• SUPPLIED MATERIAL
= Beginning of Section =

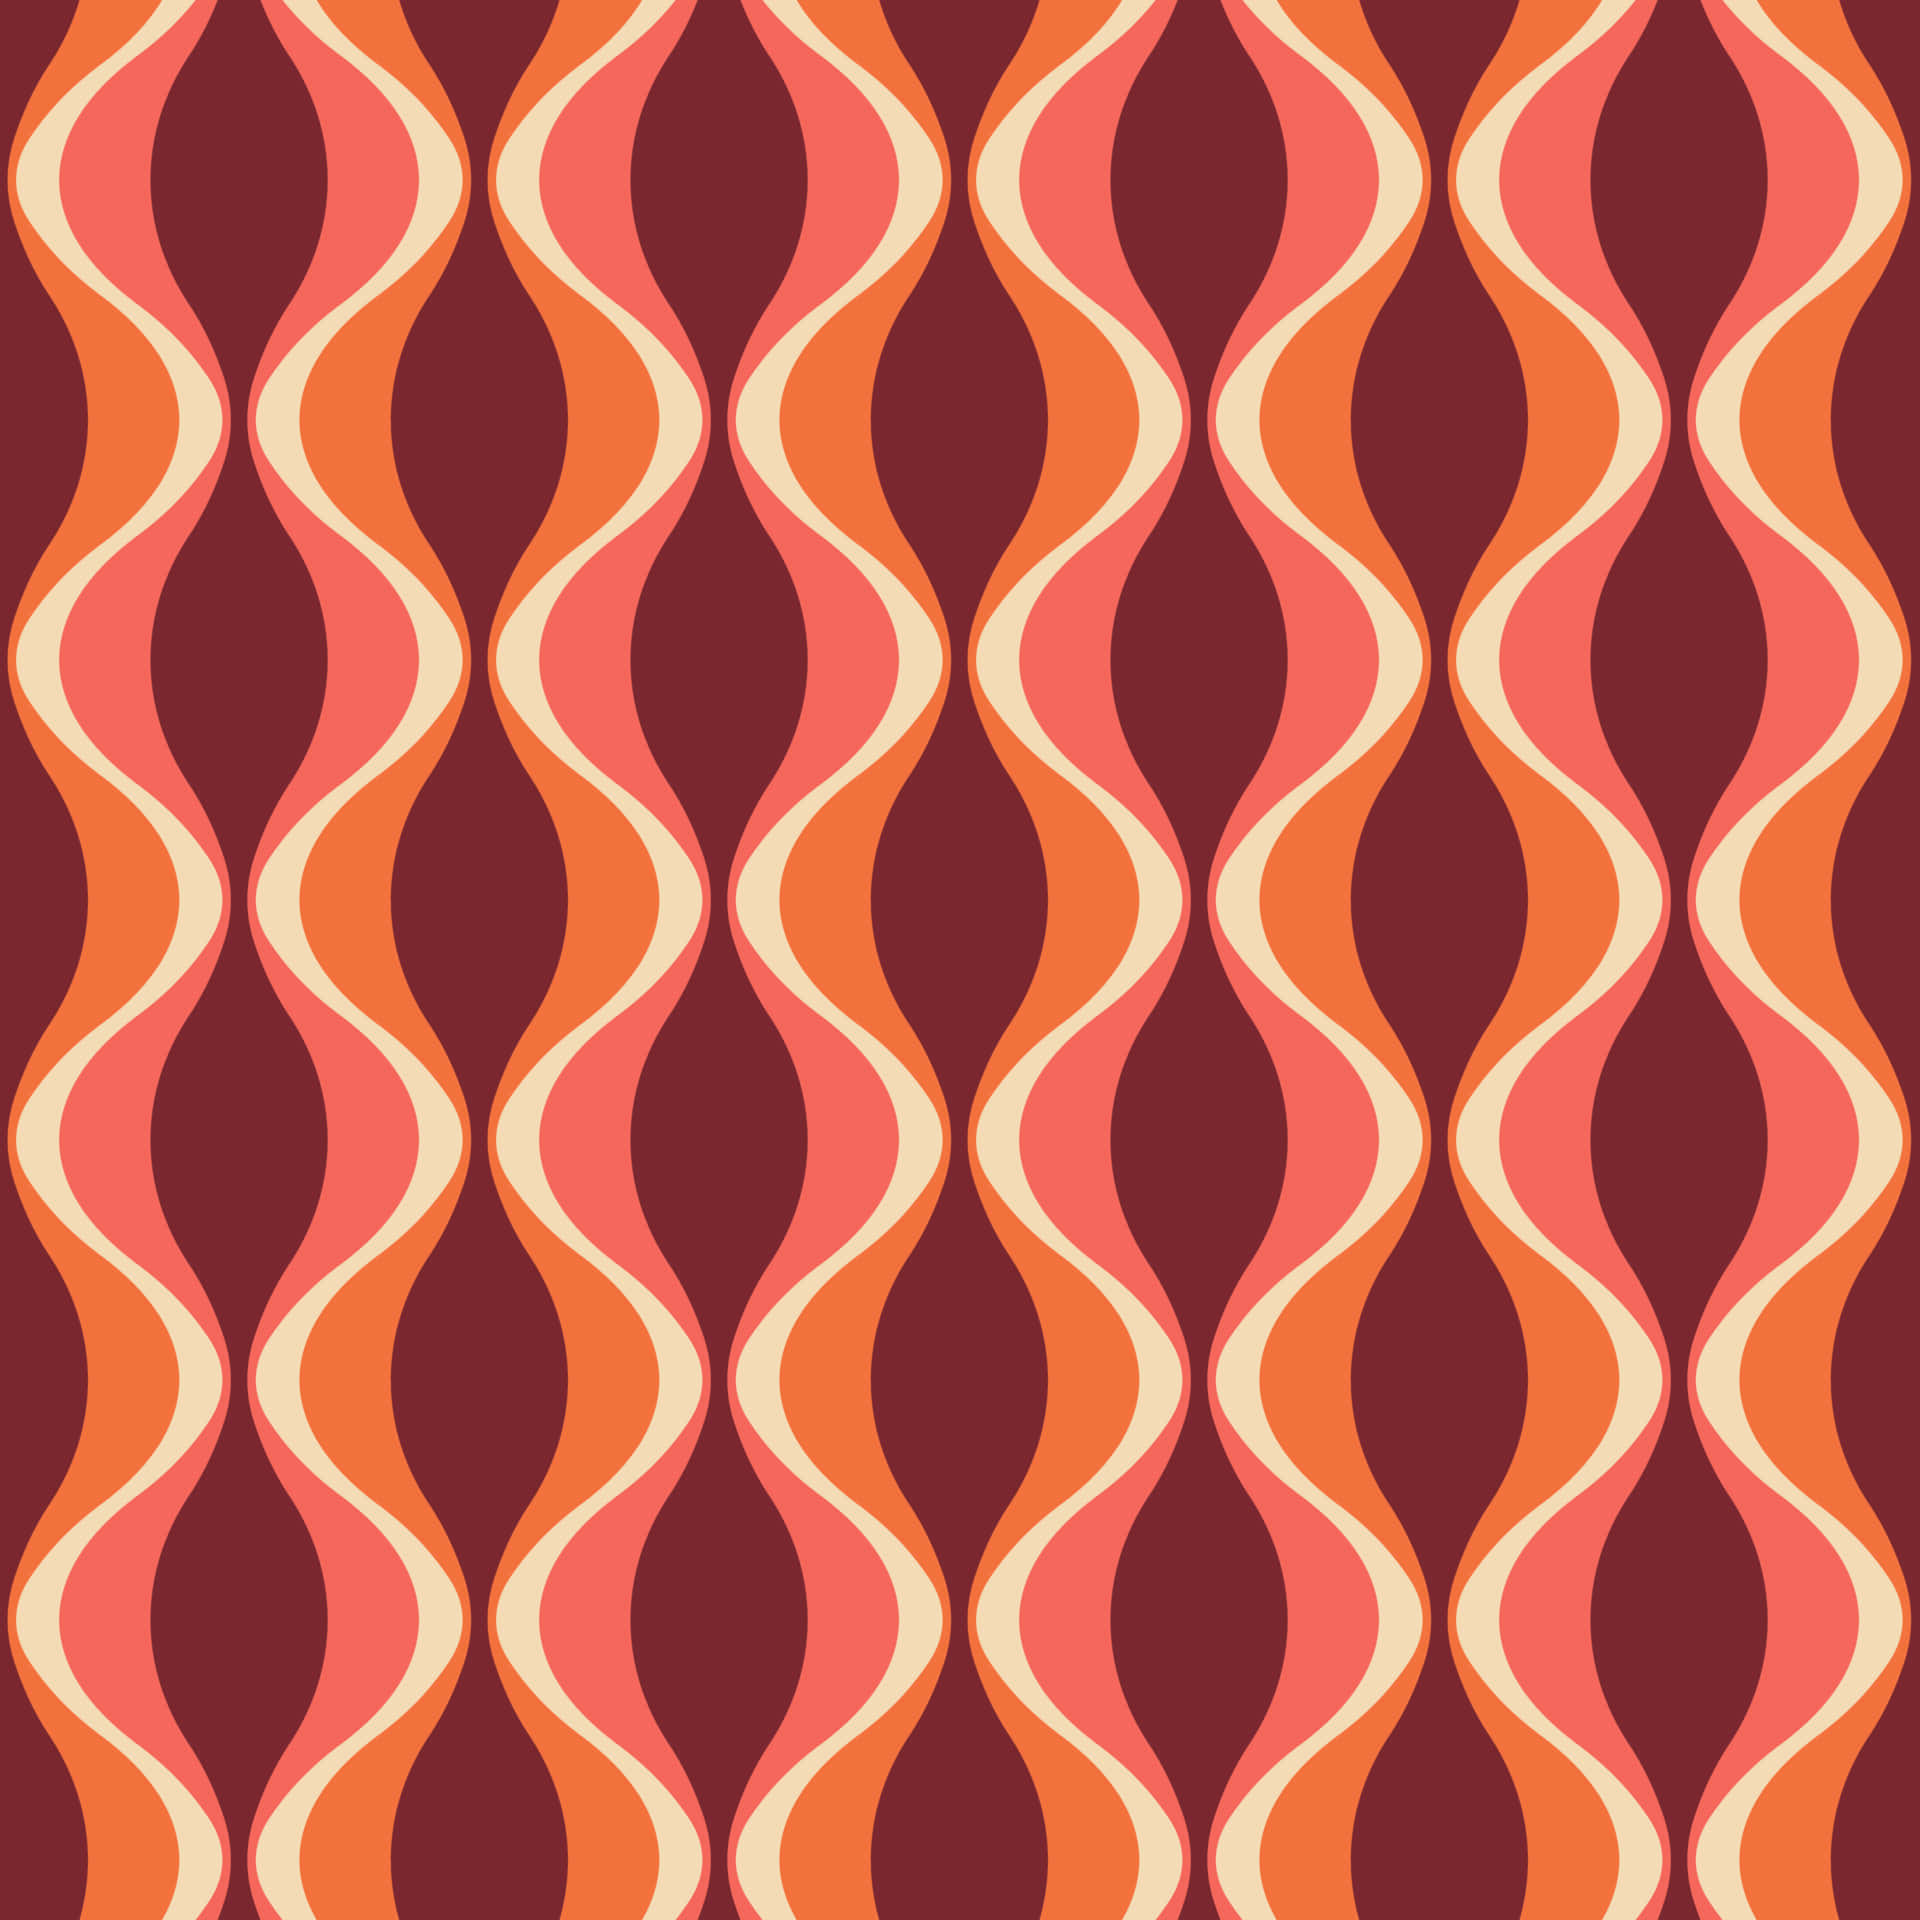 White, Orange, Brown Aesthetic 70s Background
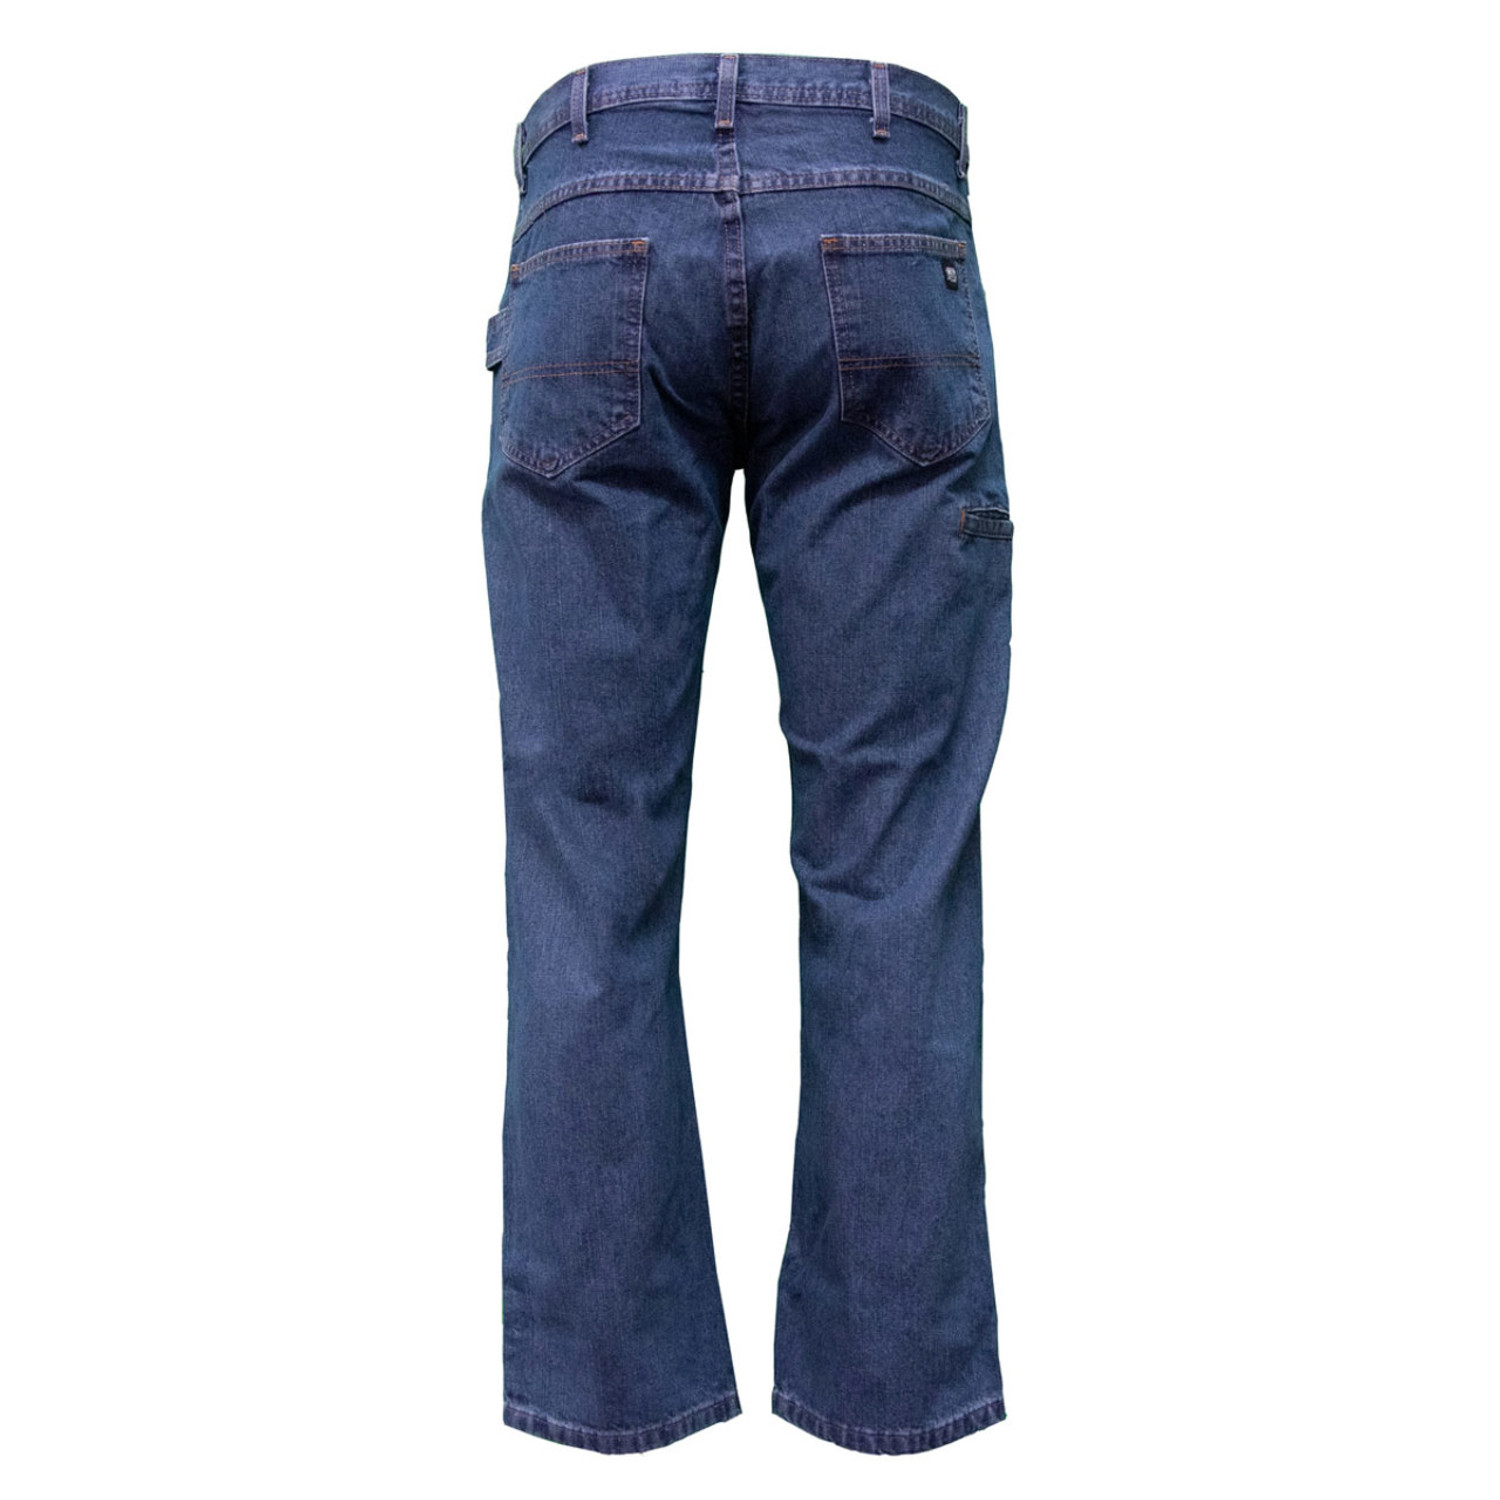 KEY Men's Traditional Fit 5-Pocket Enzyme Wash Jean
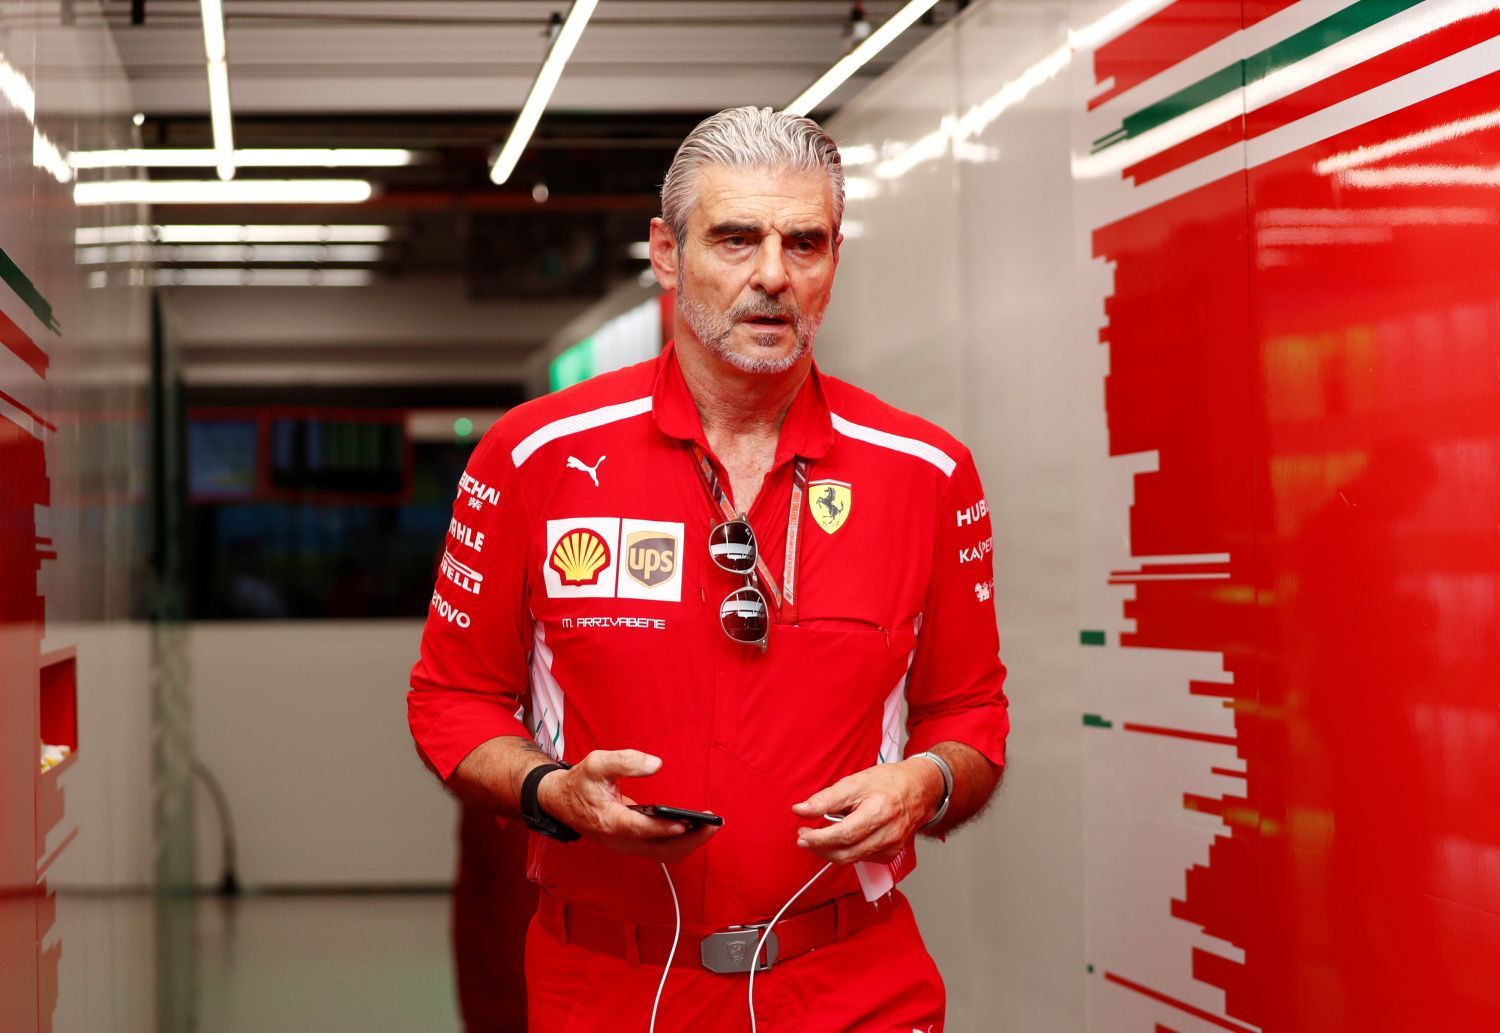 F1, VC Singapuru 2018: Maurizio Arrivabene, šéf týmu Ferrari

= End of Section =

• ACTIVITY
Write the listing out exactly, apart from its pictures.

• ANSWER TO THE PROBLEM
 White, Orange, Brown Aesthetic 70s Background
 KEY Men's Traditional Fit 5-Pocket Enzyme Wash Jean
 F1, VC Singapuru 2018: Maurizio Arrivabene, šéf týmu Ferrari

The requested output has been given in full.